# Data provided

○ ○ ○ ○

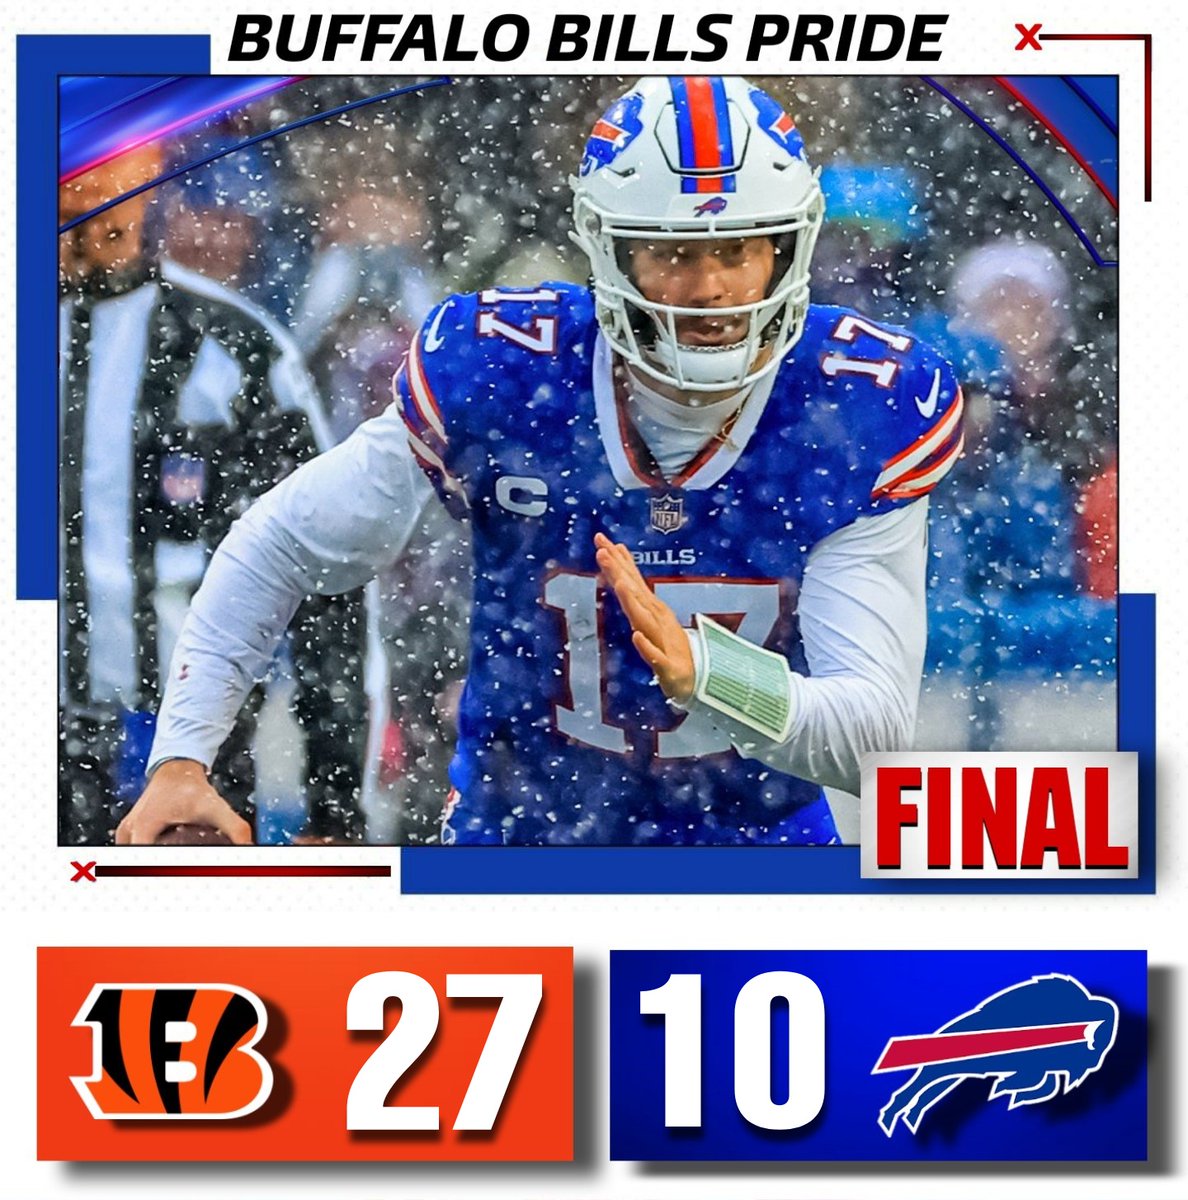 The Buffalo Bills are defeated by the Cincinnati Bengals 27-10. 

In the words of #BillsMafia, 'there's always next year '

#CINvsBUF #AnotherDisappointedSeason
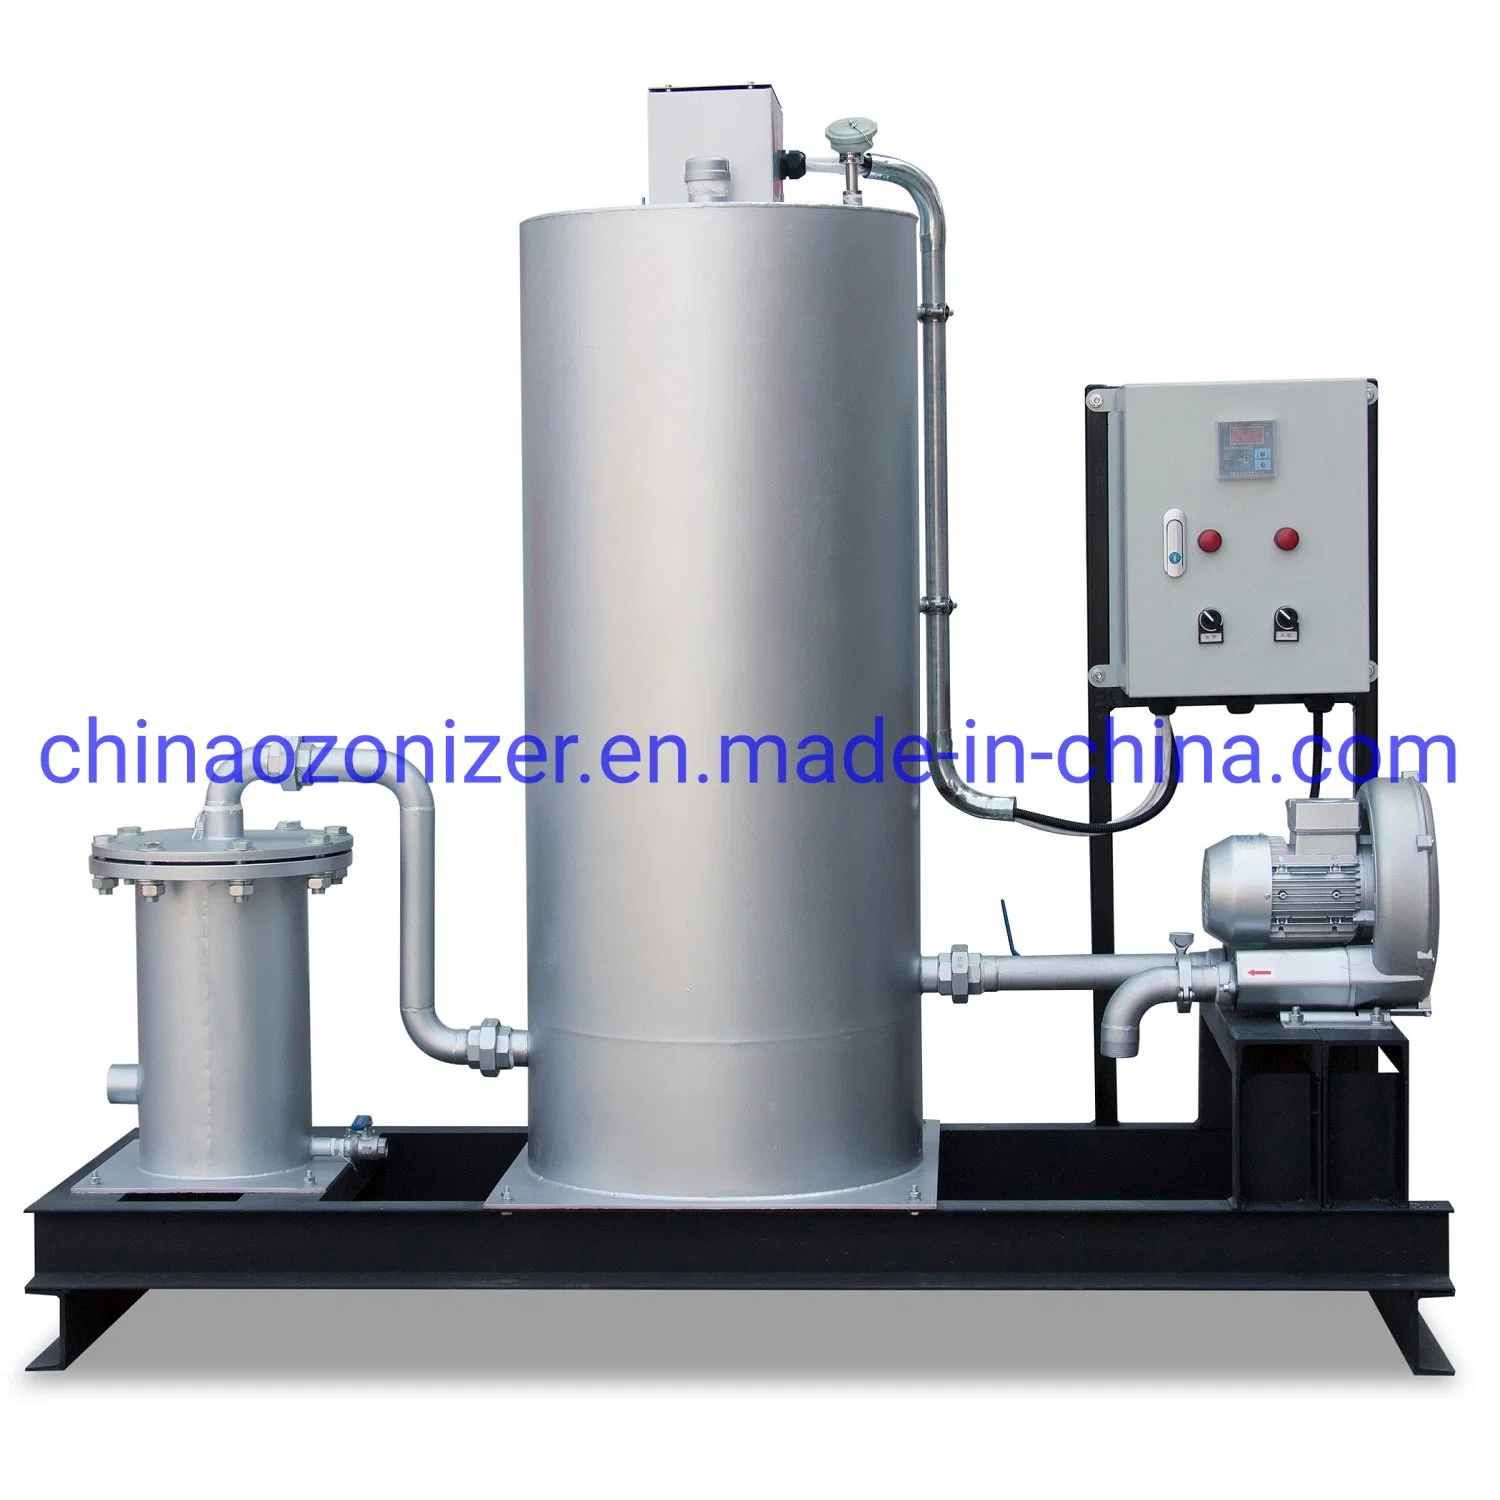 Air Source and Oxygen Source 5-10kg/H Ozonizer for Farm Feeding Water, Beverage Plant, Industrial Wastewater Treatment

○ ○ ○ ○

# What the task asks
Restate, exactly as they appear, the line with "In the words" and all the lines after it up to the end of the data above; images do not belong in the copy.

# Your solution
In the words of #BillsMafia, 'there's always next year '

#CINvsBUF #AnotherDisappointedSeason
 Air Source and Oxygen Source 5-10kg/H Ozonizer for Farm Feeding Water, Beverage Plant, Industrial Wastewater Treatment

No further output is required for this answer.